The master plans being developed are designed to establish a comprehensive long-term vision that encompasses infrastructure development, operational efficiency, environmental sustainability, and social inclusion for both airport facilities.
These documents will serve as the blueprint for all future developments at Kenya’s most important aviation hubs, guiding investment decisions and development priorities for years to come.
KAA has organized an extensive series of community meetings across various locations in Nairobi to ensure broad stakeholder participation.
For Wilson Airport consultations, residents can attend sessions on July 21st at the Lang’ata DCC Boardroom in Nairobi West, followed by a meeting on July 23rd at South C CDF Hall, and concluding on July 28th at the Chief’s Grounds in Lang’ata Mugumoini. All Wilson Airport sessions will run from nine in the morning until noon.
The JKIA consultation schedule begins on July 22nd at Syokimau’s Chief’s Camp, continues on July 24th at Embakasi Social Hall, and concludes on July 25th at Mihang’o Chief’s Office in Utawala.
These sessions will also operate from nine in the morning until noon, providing ample time for comprehensive community input and discussion.
The announcement comes at a critical juncture when both airports face mounting pressure from increasing passenger traffic and evolving international aviation standards.
JKIA, serving as Kenya’s primary international gateway, processes the vast majority of the country’s international air traffic and serves as a crucial connection point for travelers throughout East Africa.
Meanwhile, Wilson Airport has established itself as East Africa’s busiest general aviation facility, handling domestic flights, charter services, and private aviation operations.
The master planning initiative represents a pivotal step toward modernizing Kenya’s aviation infrastructure to meet anticipated future demands while maintaining the country’s strategic position as the region’s primary aviation hub.
These upgrades are essential not only for improving passenger experience but also for ensuring Kenya remains competitive in the increasingly dynamic global aviation market.
KAA’s comprehensive approach to stakeholder engagement demonstrates a commitment to inclusive participation, specifically targeting neighboring communities, local organizations, and individuals who may be directly or indirectly affected by the airports’ development and ongoing operations.
The consultation sessions are designed to thoroughly inform the public about the scope, intentions, and potential implications of the proposed master plans while actively soliciting meaningful contributions that will directly influence final planning outcomes and implementation strategies.

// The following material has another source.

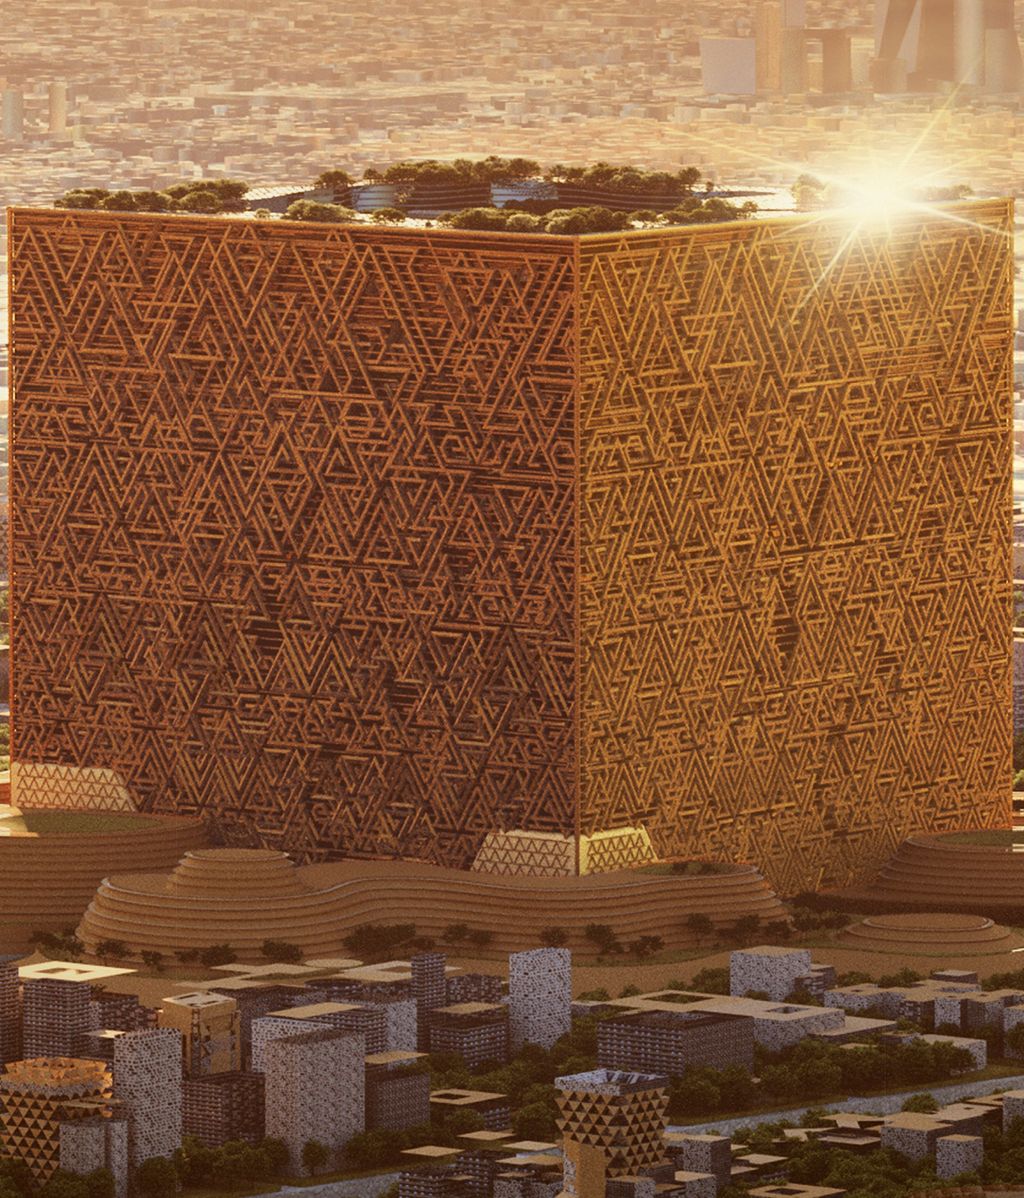 Mukaab, el gigantesco cubo que está construyendo Arabia Saudí

This extensive planning process reflects Kenya’s broader commitment to sustainable development practices and community-centered infrastructure projects, ensuring that airport modernization efforts carefully balance operational requirements with local community needs and environmental considerations.
The initiative also underscores the government’s recognition that successful infrastructure development requires genuine partnership between authorities and the communities they serve.